The writer of the article, however, has an angle on this that is interesting, and possibly useful. To a materialist, who believes that matter can neither be created nor destroyed (except in very special circumstances), the loved one is never destroyed completely. His or her matter continues to exist, and becomes part of the life of the planet. In these sad times, however, because of how much space a body occupies in the ground, we tend to cremate our loved ones, which means they add to the pollution of the air, but in principle they fall to the ground in good time, and nourish other living things. It is a more definite continued existence than the imaginary one postulated by the religious.
All of this does not serve to mitigate our grief very much; death is a more real thing to us atheists than it is to those who believe in an afterlife. They are very firm about their claim that the belief in an afterlife is not merely a fiction that makes life and death easier for them. They claim that the afterlife is real, and not merely a comfortable fairy tale.
Descartes worried about reality. Is all our perception a mere dream in the mind of some being? Are we all figments of someone’s imagination? But ultimately Descartes reasoned that, if he was worrying about whether he was real, he must exist. An imaginary thing cannot worry about its own existence; whoever is imagining it has to worry on its behalf. So if we are real enough to be self-conscious, we are real enough for the purposes of philosophy.
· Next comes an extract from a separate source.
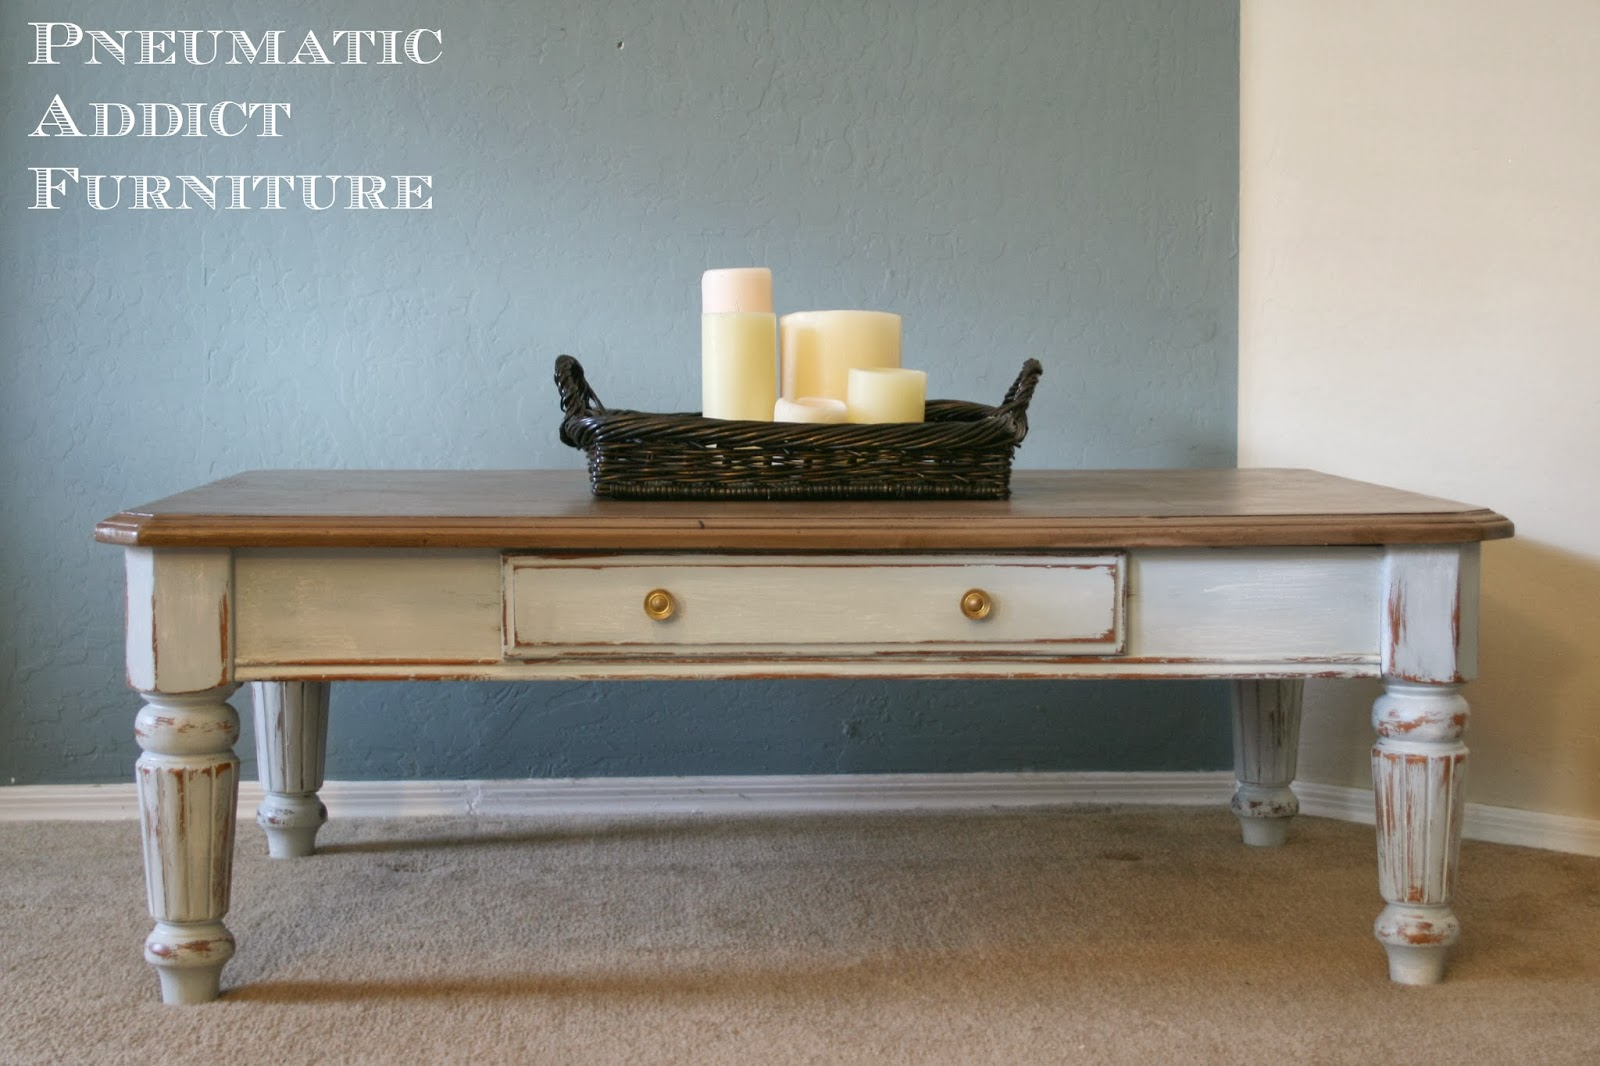 particle wood furniture. Particle Wood Furniture

On the other hand, unfortunately, if enough people imagine that there is an afterlife, that does not make it real. We do not believe in an afterlife simply because there is no evidence for it. We don’t find it useful to believe in anything for which there is no evidence, unless it is an actual abstract construct, such as the number 5, which is infinitely useful. Perhaps someone can create an abstract construct which is the afterlife, but to claim that we can actually enter it is unreasonable.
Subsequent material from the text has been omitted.